Sunday, February 14, 2010

Money and Education

Scholars have studied the relationship between per-student
spending and achievement test scores since the publication
of Equality of Educational Opportunity (a.k.a. "The Coleman
Report") in 1966. Sociologist James Coleman, its author,
concluded then that per-pupil spending does not have a
significant impact on student achievement scores. Economist
Erik Hanushek and others have subsequently replicated Coleman's
study and even extended it beyond U.S. borders. The finding
of over 30 years of research is clear: More money does not
equal better education. There are schools, states, and countries
that spend a great deal of money per pupil with poor results,
while others spend much less and do much better.
A recent story out of Kansas City, Missouri, illustrates the
truth of this as well as any. In 1985, a federal judge directed
the school district in that city to devise a "money-is-no-object"
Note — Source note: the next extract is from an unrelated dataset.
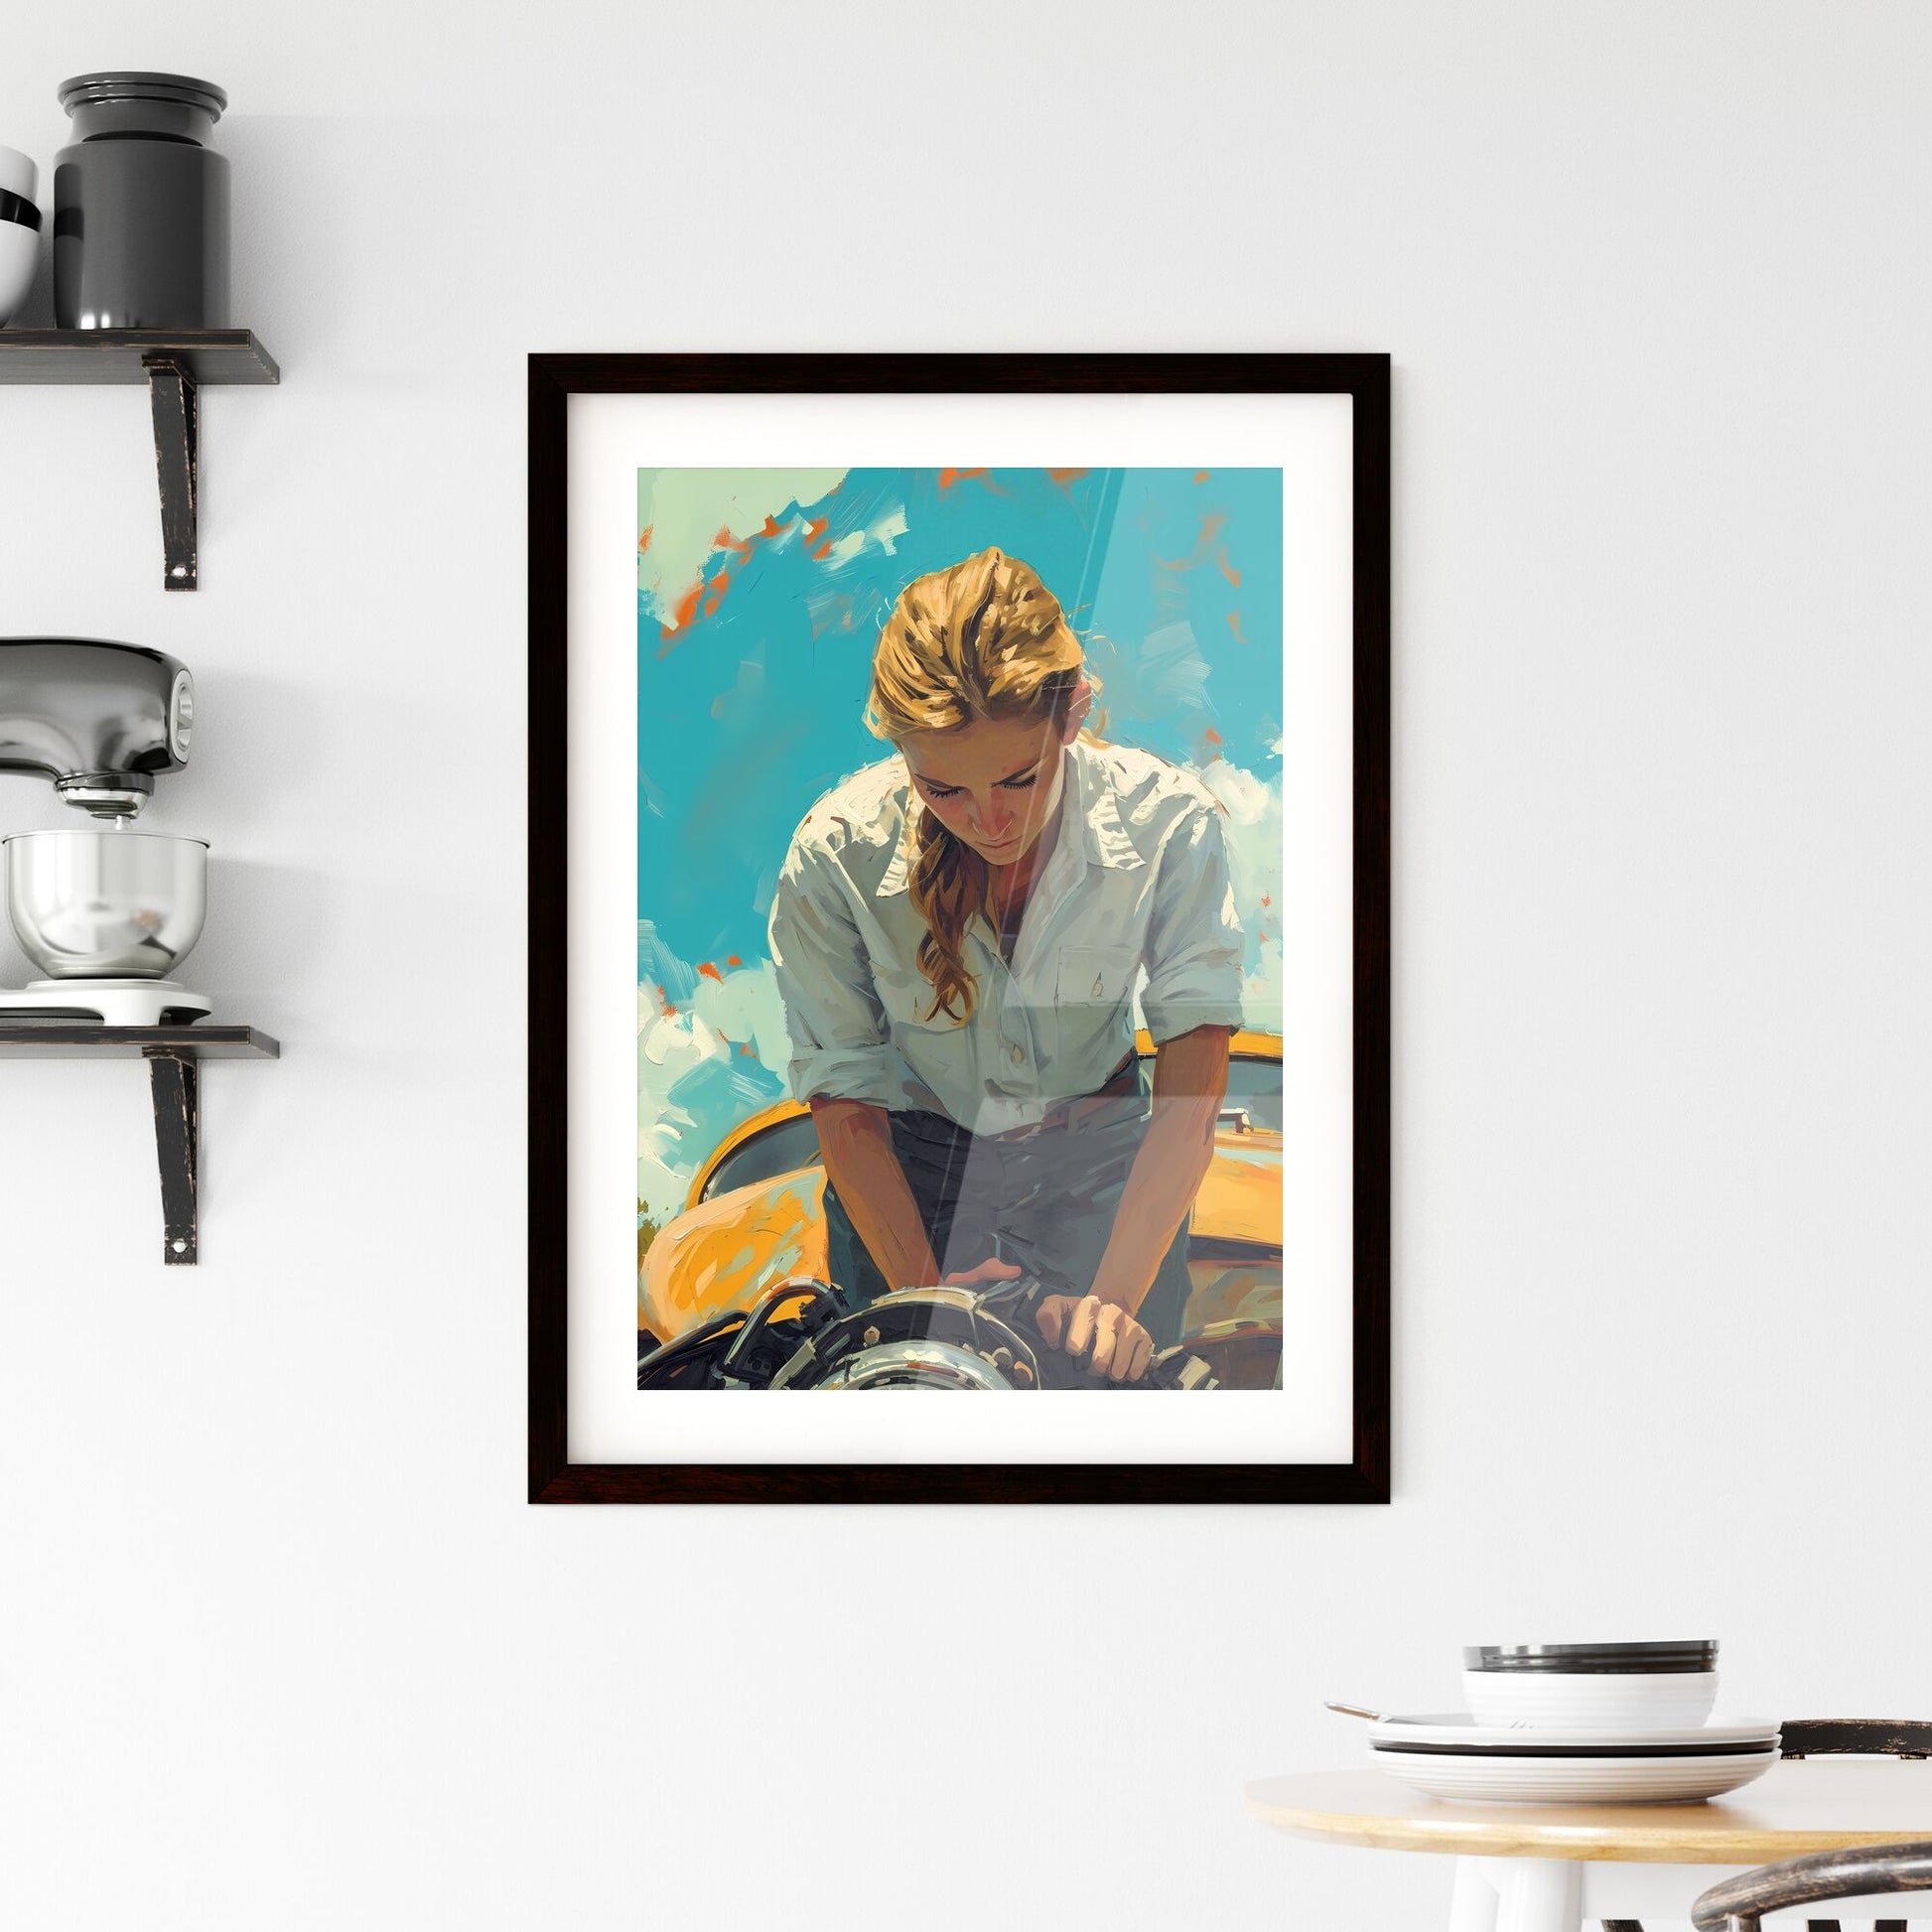 Auto mechanic - Art print of a woman standing on a yellow car Default Title

educational plan to improve the achievement of black students
and encourage desegregation. As a result, Kansas City taxpayers
ended up spending more money per pupil annually, on a
cost-of-living adjusted basis, than taxpayers in any of the
country's 280 largest school districts. They paid for 15 new
schools, an Olympic-sized swimming pool with an underwater
viewing room, television and animation studios, a 25-acre wildlife
sanctuary, a zoo, a robotics lab, field trips to Mexico and Senegal,
and higher teacher salaries. The student-to-teacher ratio was the
lowest of any major school district in the nation at 13-to-1. By
the time the experiment ended in 1997, costs had mounted to
nearly $2 billion. Yet test scores did not rise, and there was even
less student integration than before the spending spree. In May
2000, the Missouri Board of Education officially removed
accreditation status from the district for failing to meet even one
of 11 performance standards! In short, we have all but exhausted
the rules-and resource-based approaches to education reform,
with little to show for our time and money. This leaves us with
the incentives-based approach. Merit pay for teachers is one form
this can take, but parental choice remains its centerpiece.